I asked if he was OK, and he said he was just desperate for a drink. We were still just in time to get last orders at The Roebuck, so I wheeled him there and bought him a pint. It was impossible to guess his age – his hair was jet black, but his face was a skull. He told me his story. He’d fought in the Falklands, then worked on the railways. He’d got drunk at work one day, and been hit by a train, which is how he’d lost his legs. He’d lost everything else as well – his wife and home. He’d lived on the street for a while, and then got cancer of the everything. He was at the Royal Free waiting for an operation in two days’ time – an operation he was unlikely to survive, he said. This was his last chance to get drunk – he’d be nil by mouth the next day.
It was closing time, and he asked if I’d buy him a carry out, and wheel him back to the ward. We decided that I could be his brother, over from Australia, which he was convinced would get around the visiting hours restriction. So, his wheelchair clinking with the concealed booze, I wheeled him into the hospital and up to his ward. The male nurse on duty saw through, I guess, the act, but let me though, We stayed up for a couple of hours, drinking furtively in the sitting room at the end of the ward. He was an extraordinary character, full of humour, and utterly lacking in self-pity, despite his woes. I suppose it’s possible that much of what he said was bullshit, but I’m a natural sceptic, and I believed it all. If he’d been bullshitting, he’d have claimed he lost his legs in the war. Or that’s what I’d have done.
Finally the booze was out, and I had to go. I wished him luck for the operation, and remember stooping awkwardly to embrace him in his chair.
I’ve told this story many times, always in a vaguely self-congratulatory way, proving how decent I am, and how open to experience. Also, because I though the man deserved to be remembered.
But this morning, racked by insomnia and anxiety I suddenly saw the obvious, terrible truth in the story. I lived opposite the hospital – literally a stone’s throw away. I was possibly his only friend. Yet I didn’t go and visit the ward later in the week to find out what had become of him. Once I’d walked out of the Royal Free, he stopped existing as a real person, and became only a character in a story I’d tell. I’d completely failed in my duty as a human being. Twenty-six years it’s taken me to see this.
Dental Woes
That was a really unsatisfactory visit to the dentist. I knew that things weren’t as they should be, back in the grinding department. All of my back teeth hurt or, rather, don’t feel right. Some feel very wrong for brief periods, others sort of mooch about, in a ne’er do well sort of way, grumbling and moaning.
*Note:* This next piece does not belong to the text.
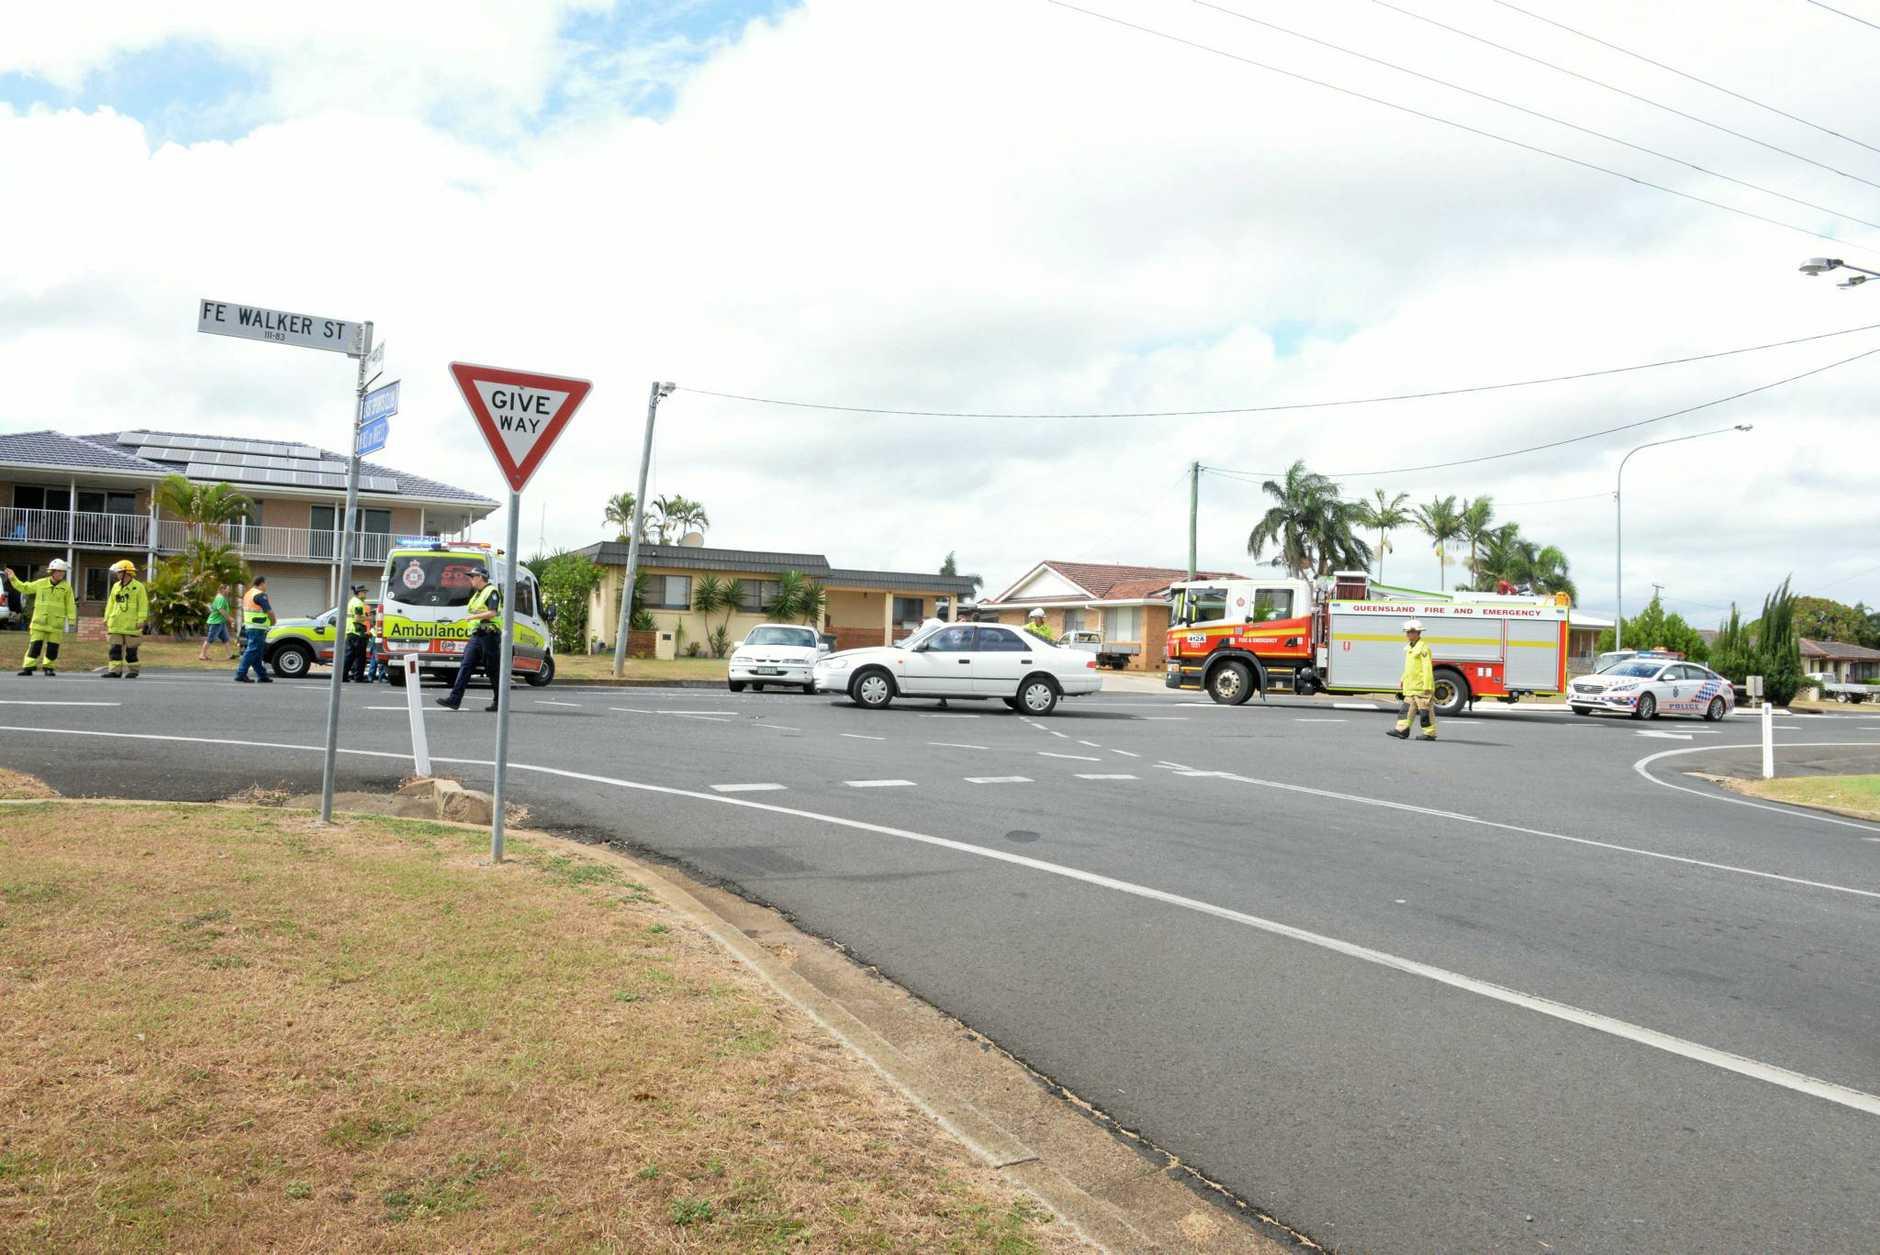 Emergency crews at the scene of a crash on FE Walker St.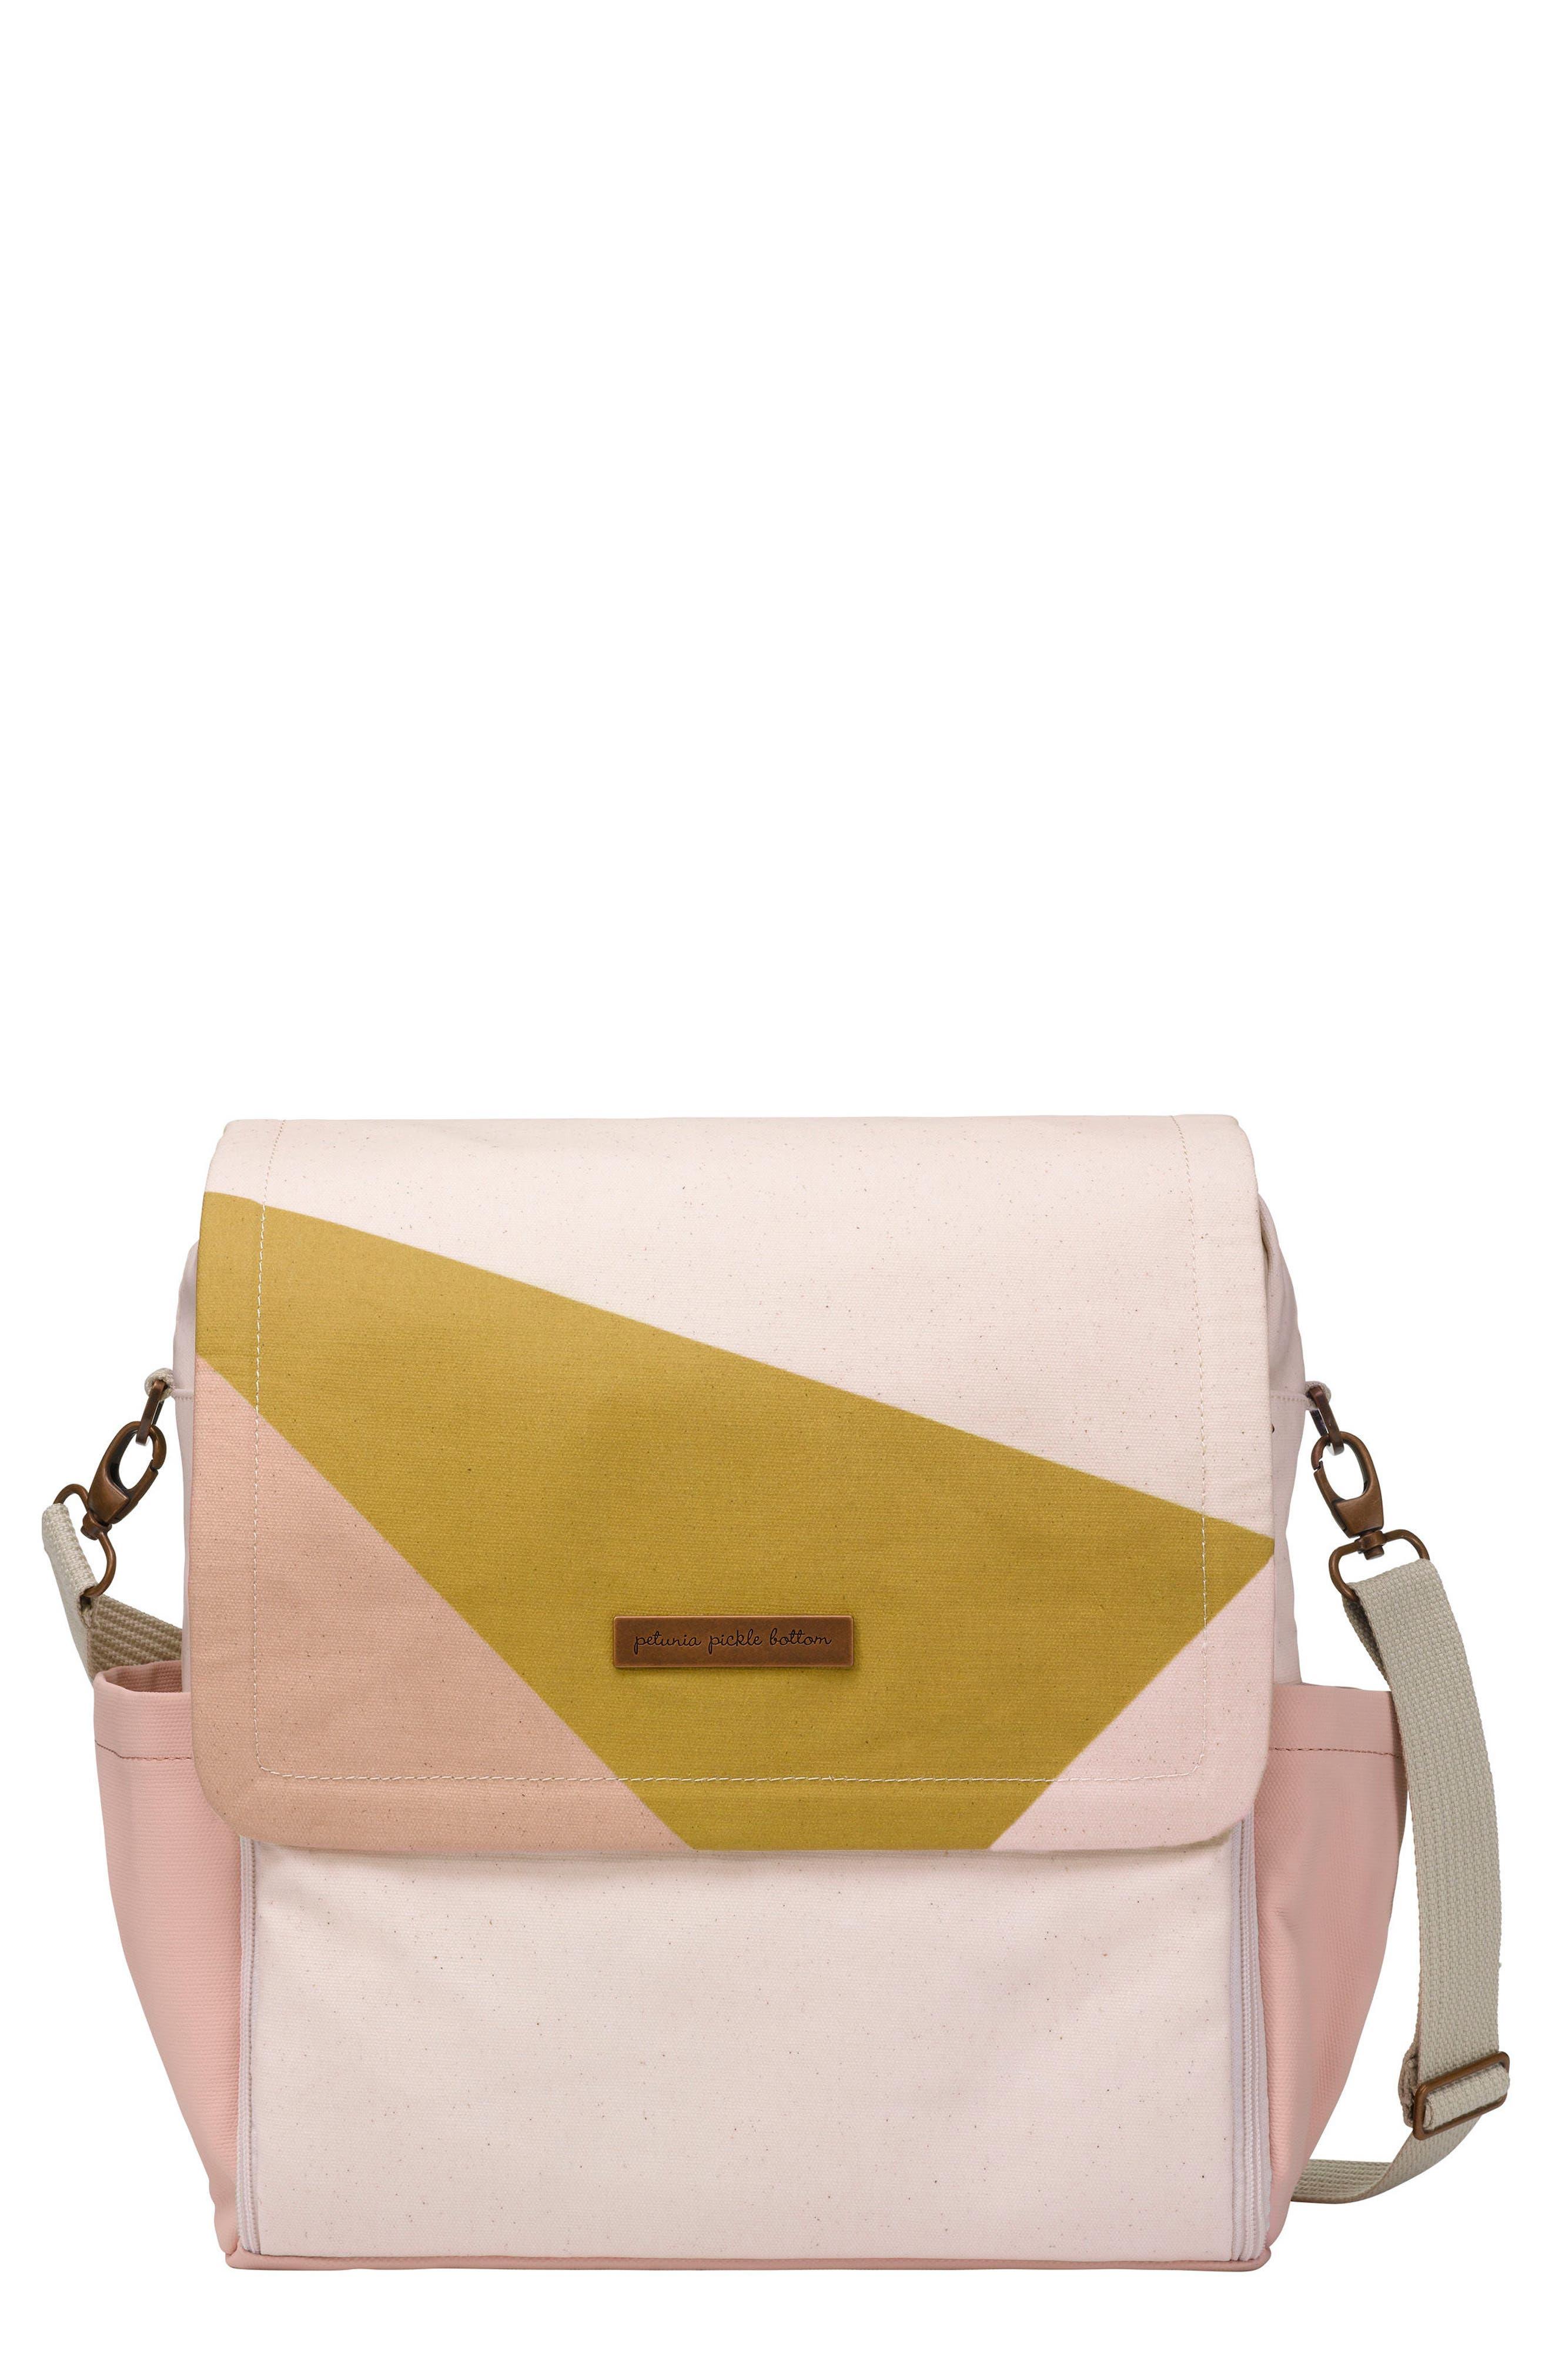 Alternate Image 1 Selected - Petunia Pickle Bottom Boxy Backpack Diaper Bag

The dentist agreed that there were problems. She shook her head at the x-rays, pointing out areas of sub-optimality. But nothing was quite wrong enough to merit an intervention.
So home I came, with teeth neither right nor wrong, and nothing to be done about it. Except for the prohibitively expensive implant option to replace my favourite tooth, the one that, after a lifetime of magnificent service went and got an abscess and had to be euthanised. I shed actual tears over that tooth, and for a time I would contemplate it, Hamlet like, with the skull of Yorick. Then it fell on the floor and got hoovered up.
The trouble with all this is that it means that I live in my mouth at the moment. It’s more or less all I think about, except for the occasional diversion into cricket, or, even less frequently, hanky-panky. Sometimes the three get mixed up together, in a way satisfactory to none of the parties involved.
Maybe if my petty cash situation improves I might go and get one of those dodgy Hungarian implants they advertise at the back of the Telegraph. I’ll probably end up with some kind of tusk, like a boar or a narwhal.
On the plus side, my dentist said I have the gums of a much younger man, and she praised my flossing in a way that, clutching at straws, I’m going to take as mildly flirtatious.